*** Opening Information supplied ***

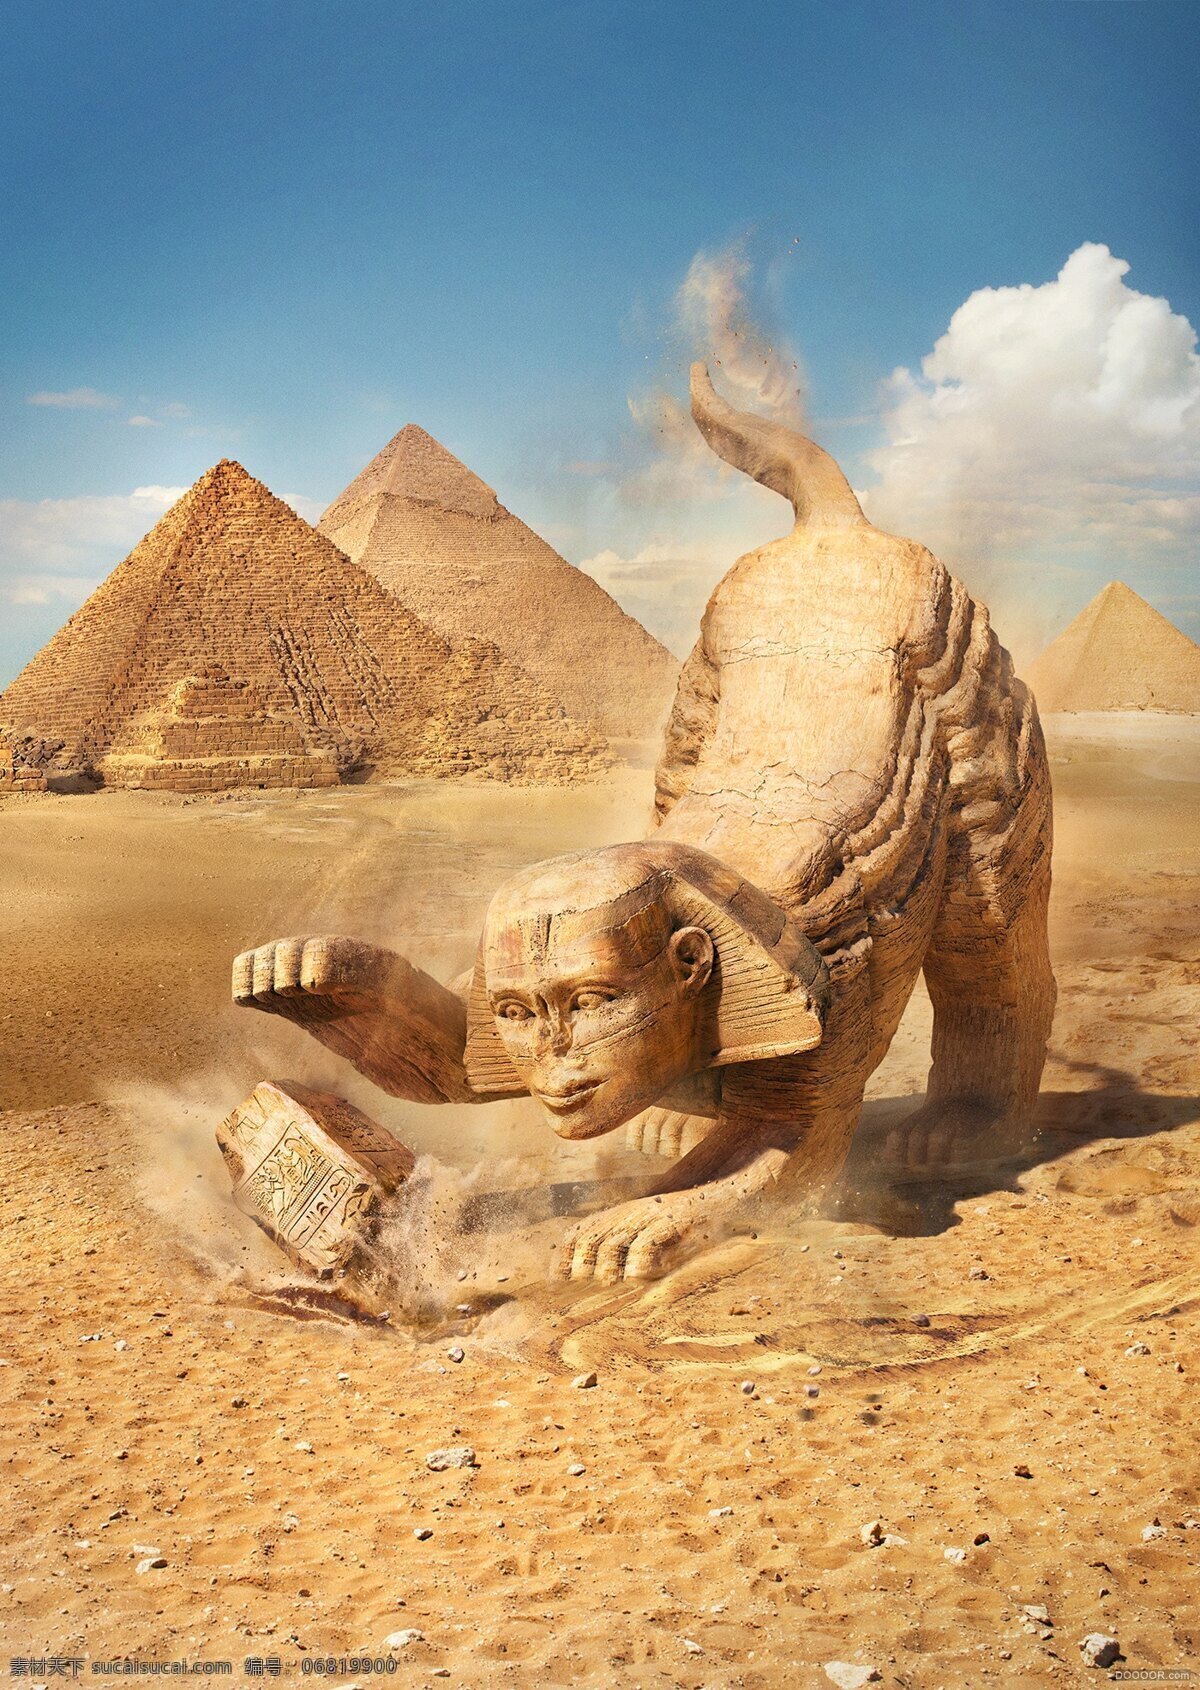 埃及金字塔 狮身人面像 埃及 四大文明古国 狮子 金字塔 创意 自然景观 自然风光
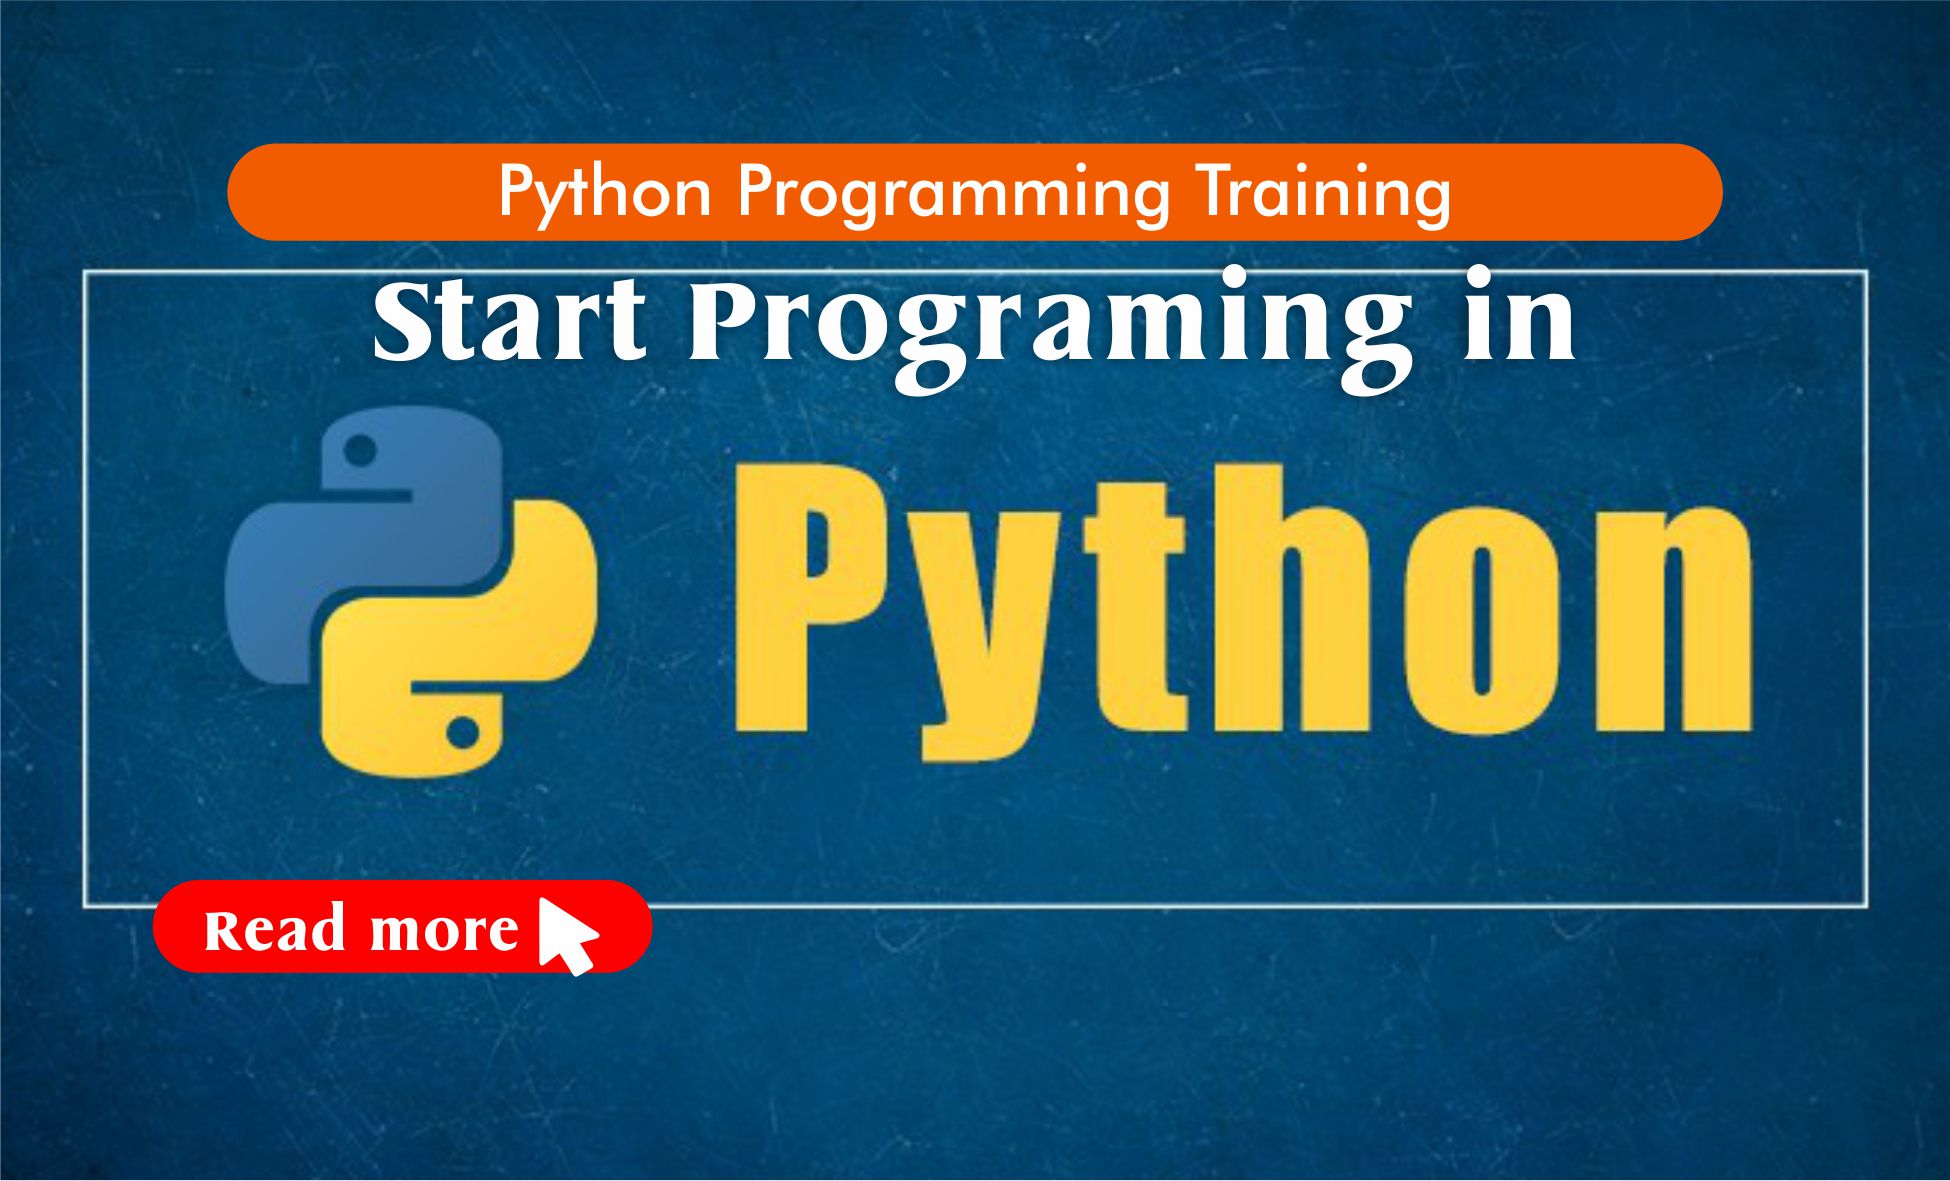 Python Programming stamsgroup.com
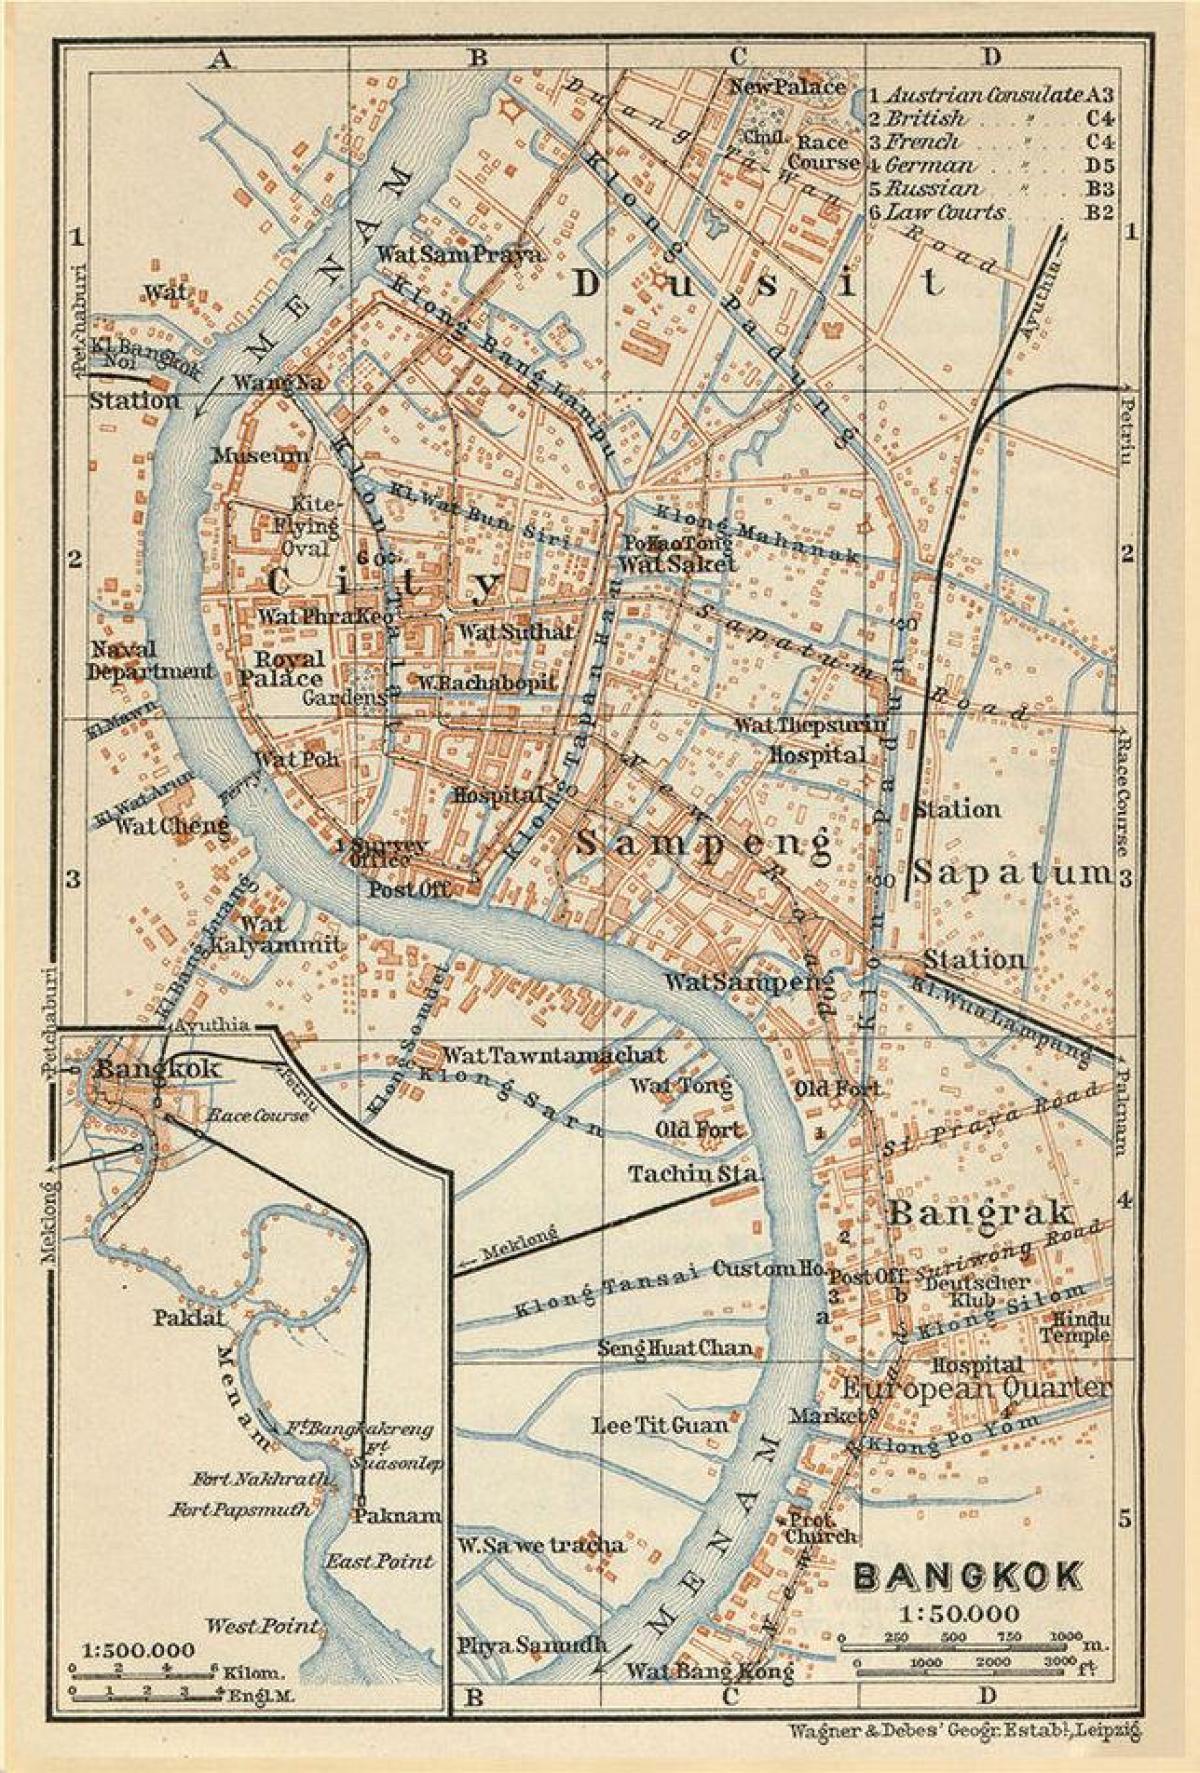 Bangkok (Krung Thep) mapa antiguo

*** Closing Information supplied ***

(What the exercise asks):
Exclude every picture and copy the remaining data exactly.

(Response below):
 埃及金字塔 狮身人面像 埃及 四大文明古国 狮子 金字塔 创意 自然景观 自然风光
 Python Programming stamsgroup.com
 Bangkok (Krung Thep) mapa antiguo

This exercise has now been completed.